Provides comprehensive coverage of the atom-economic approach to functionalized molecules using unsaturated hydrocarbons as starting materials

Unsaturated hydrocarbons have emerged as an important class of fundamental starting materials in organic synthesis. Synthetic methodologies incorporating unsaturated hydrocarbons continue to expand due to their numerous applications in the synthesis of a vast array of chemicals.

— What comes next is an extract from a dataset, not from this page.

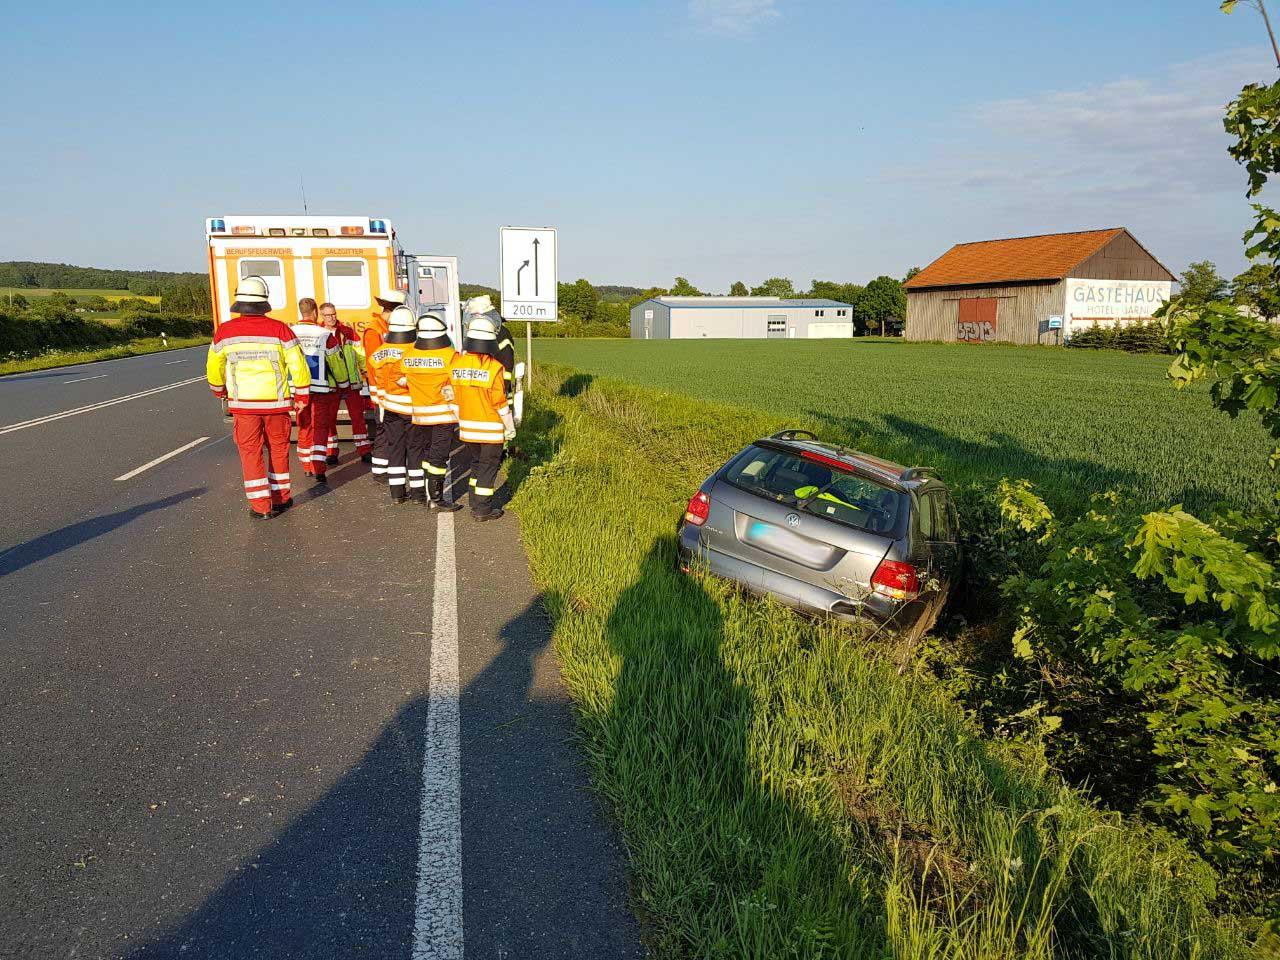 Alarm VU1 Bundesstraße 6 Fahrtrichtung Baddeckenstedt nach Haverlah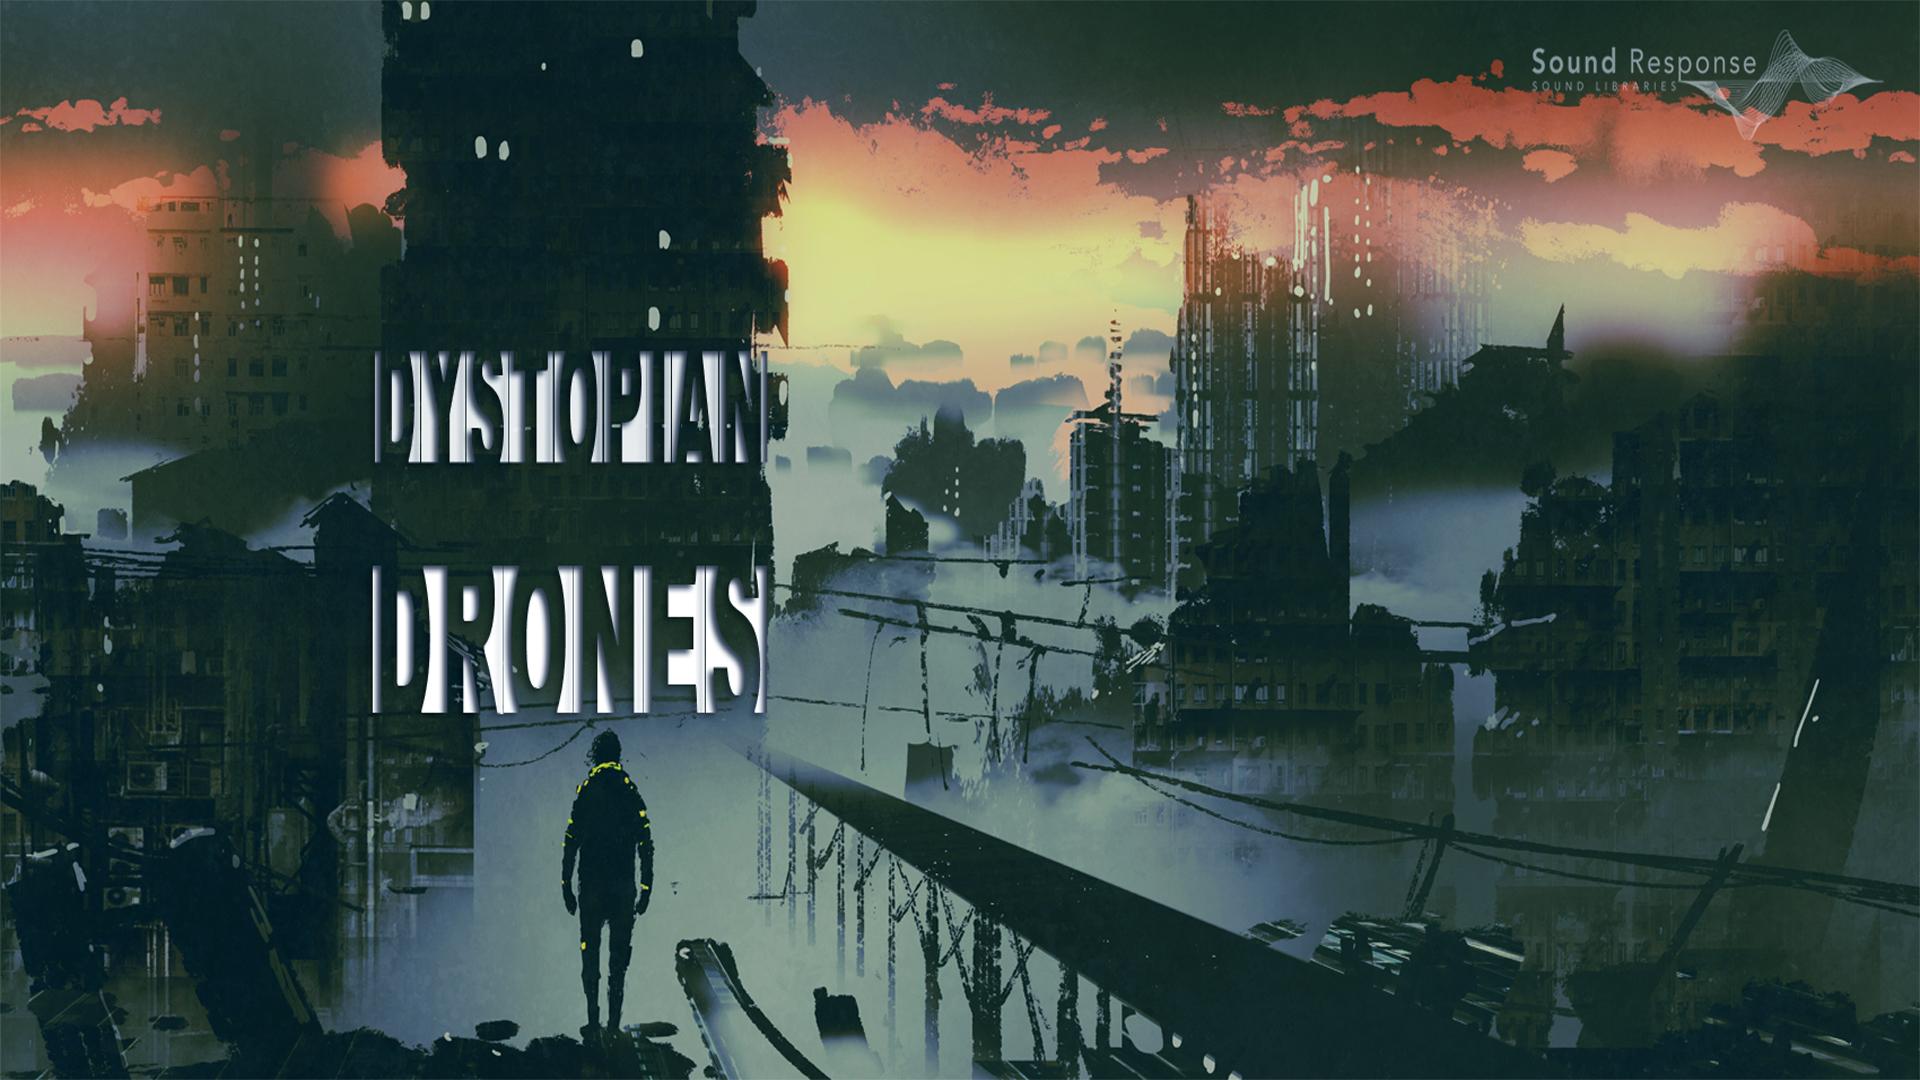 Dark Drones, Dark Ambiences, Horror Soundscapes by Sound

Addition Reactions with Unsaturated Hydrocarbons presents an up-to-date overview of modern methods that utilize reactions of unsaturated hydrocarbons as building blocks of organic synthesis, covering the conceptual and practical knowledge required for designing atom-efficient reactions to synthesize functionalized molecules. This authoritative volume discusses homo-dimerization and cross-dimerization of alkynes and/or alkenes, synthesis of carbonyl compounds from the hydration of alkynes, cycloadditions of alkynes and alkenes for the synthesis of carbocycles and heterocycles, double functionalization of alkynes and alkenes by addition reactions of element-element bonds, and more.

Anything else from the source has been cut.